L'info juridique et technique d'une affaire exceptionnelle par le Prof. H. CAUSSE

La sentence arbitrale rendue a fait suite à un arrêt de la plus haute formation judiciaire française. On voudrait le souligner car l'histoire commence aussi un peu là.

L'assemblée plénière a une fonction toute particulière.

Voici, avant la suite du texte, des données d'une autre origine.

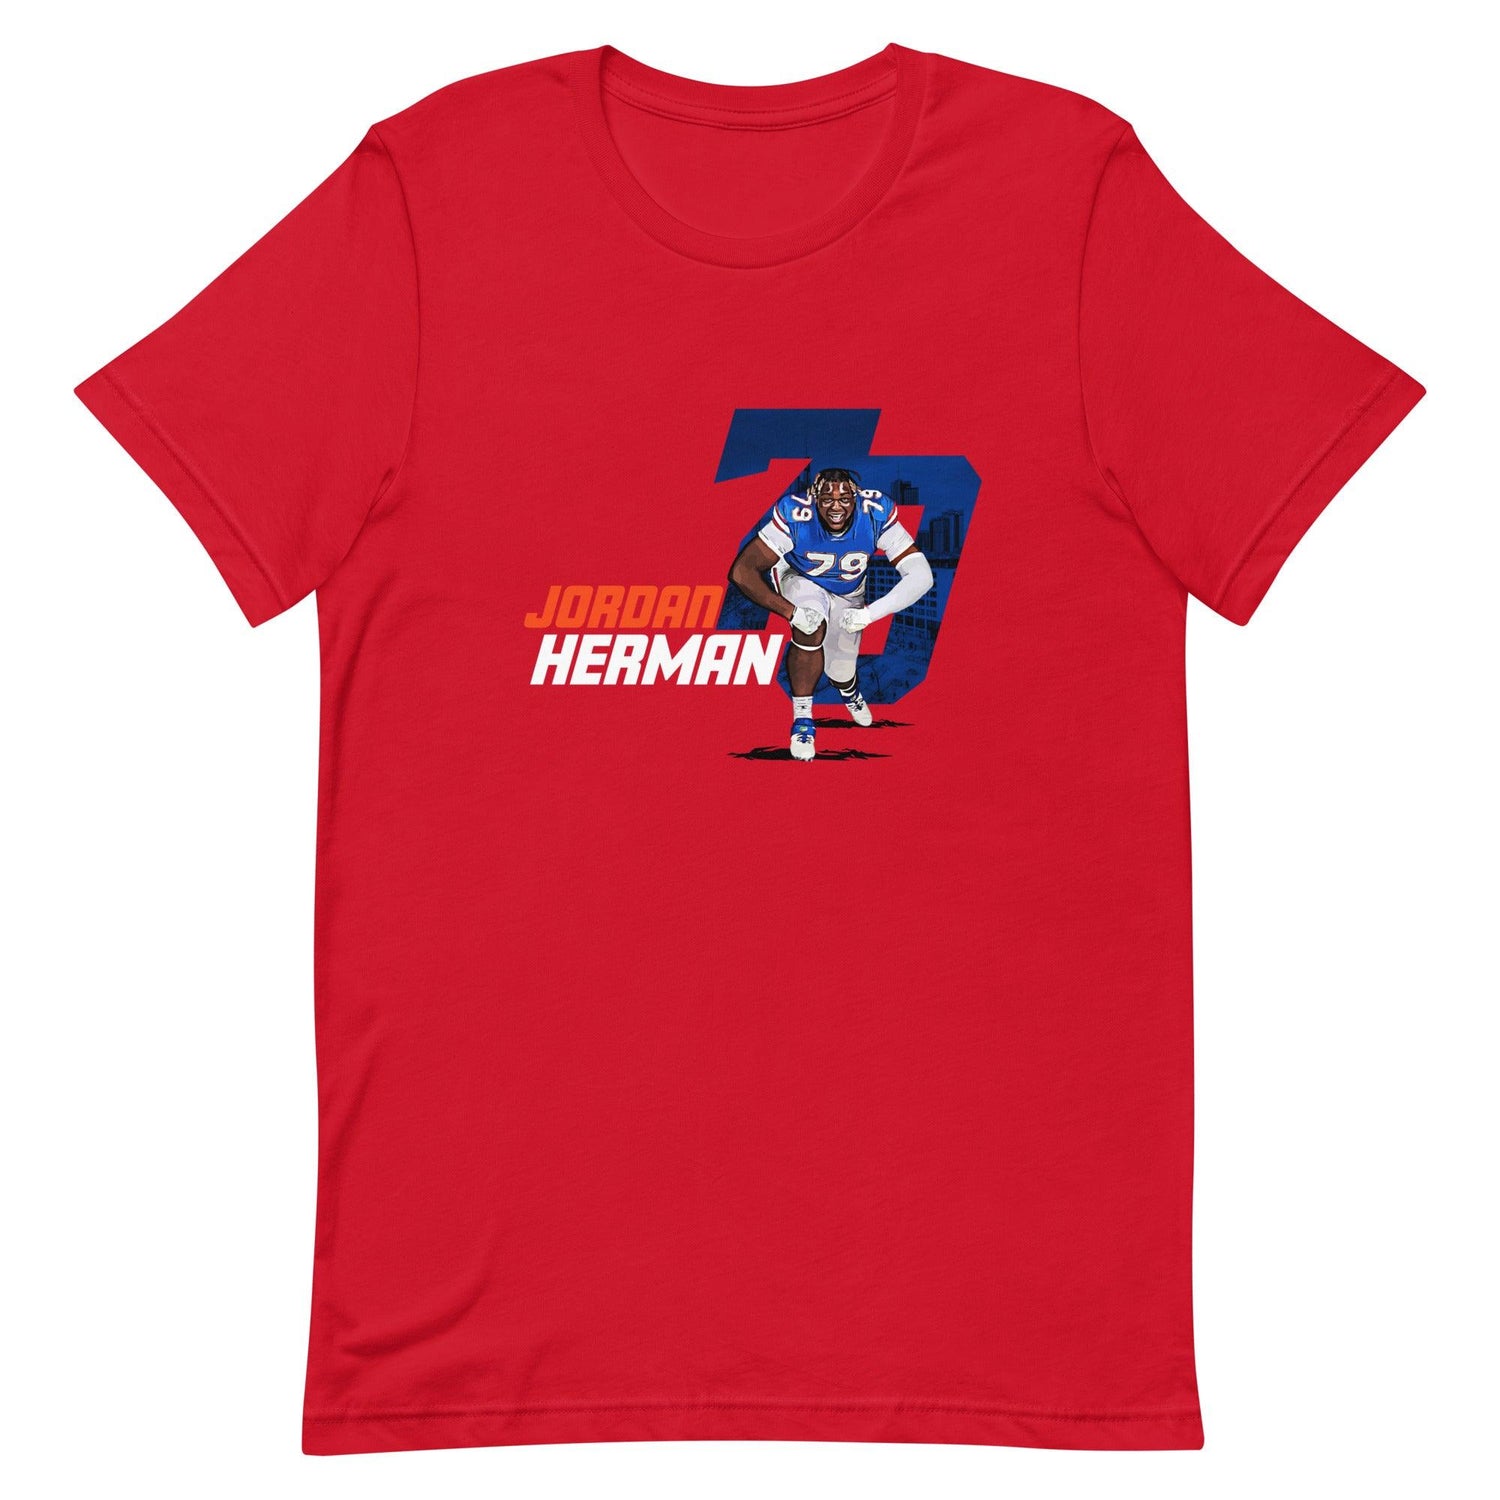 Jordan Herman "Gameday" t-shirt - Fan Arch

Vous pouvez consulter les articles L. 421-3 et L. L. 431-5 et L. 431-6 du code de l'organisation judiciaire, par simplification, à partir du site de la Cour :

http://www.courdecassation.fr/

On pouvait s'étonner de voir la Cour de cassation statuer , en octobre 2006, en formation plénière. Pourquoi la Chambre commerciale, en formation à 7 conseillers, ne pouvait-elle pas statuer. L'importance d el'affaire et sa difficulté technique justifiait en revanche que la chambre commerciale, économique juge au complet, à 7 juges et non à 3.

En effet, l'article L431-6 est très simple et clair :
"Le renvoi devant l'assemblée plénière peut être ordonné lorsque l'affaire pose une question de principe, notamment s'il existe des solutions divergentes soit entre les juges du fond, soit entre les juges du fond et la Cour de cassation ; il doit l'être lorsque, (et là cela ne concerne pas notre affaire) après cassation d'un premier arrêt ou jugement, la décision rendue par la juridiction de renvoi est attaquée par les mêmes moyens."

A ma connaissance, les questions posées ne font pas l'objet d'une divergence entre chambres, sauf à aller chercher des divergences mineures qui n'ont jamais été souligné et inquiété les commentateurs, notamment les professeurs.

Il y a eu là une décision de politique judiciaire et juridique qui, sur le plan de la justice et, ensuite, du droit, ne s'explique pas aisément. En conséqueznce, on est fondé à penser que c'est l'institution judiciaire elle-meme qui a commencé à faire de cette affaire une question de principe, mais pas de principe juridique.

En effet, aucune solution juridique précise ne ressort de cet arrêt qui dit des choses avec qui tout le monde est, me semble-t-il, d'accord.

La décision fut en revanche arbitraire. L'article L431-7 se lit lui aussi comme un roman :

" Le renvoi devant une chambre mixte ou devant l'assemblée plénière est décidé soit, avant l'ouverture des débats, par ordonnance non motivée du premier président, soit par arrêt non motivé de la chambre saisie."

"Le renvoi est de droit lorsque le procureur général le requiert avant l'ouverture des débats."

Le parquet a-t-il demandé une assemblée plénière ? Sur ordre du ministre de la Justice ? Je ne sais... à voir.

L'arbitraire peut venir du premier président (depuis nommé au Conseil constitutionnel) ou du procureur général ; l'arrêt ne mentionne que l'ordonnance du premier sans dire qu'elle est intervenue sur demande du parquet.

Toujours est-il que cette décision donnait à l'affaire une importance spéciale, tout en la déconnectant des spécialistes commercialistes (bancaire, faillite, sociétés) ; la suite de l'histoire démontre que donner à ce cas de l'importance était bien peu opportun !

Pourquoi Bernard TAPIE a-t-il eu les honneurs de l'assemblée plénière ? Dès que j'aurai quelques informations supplémentaires expliquant la chose je vous le confierai.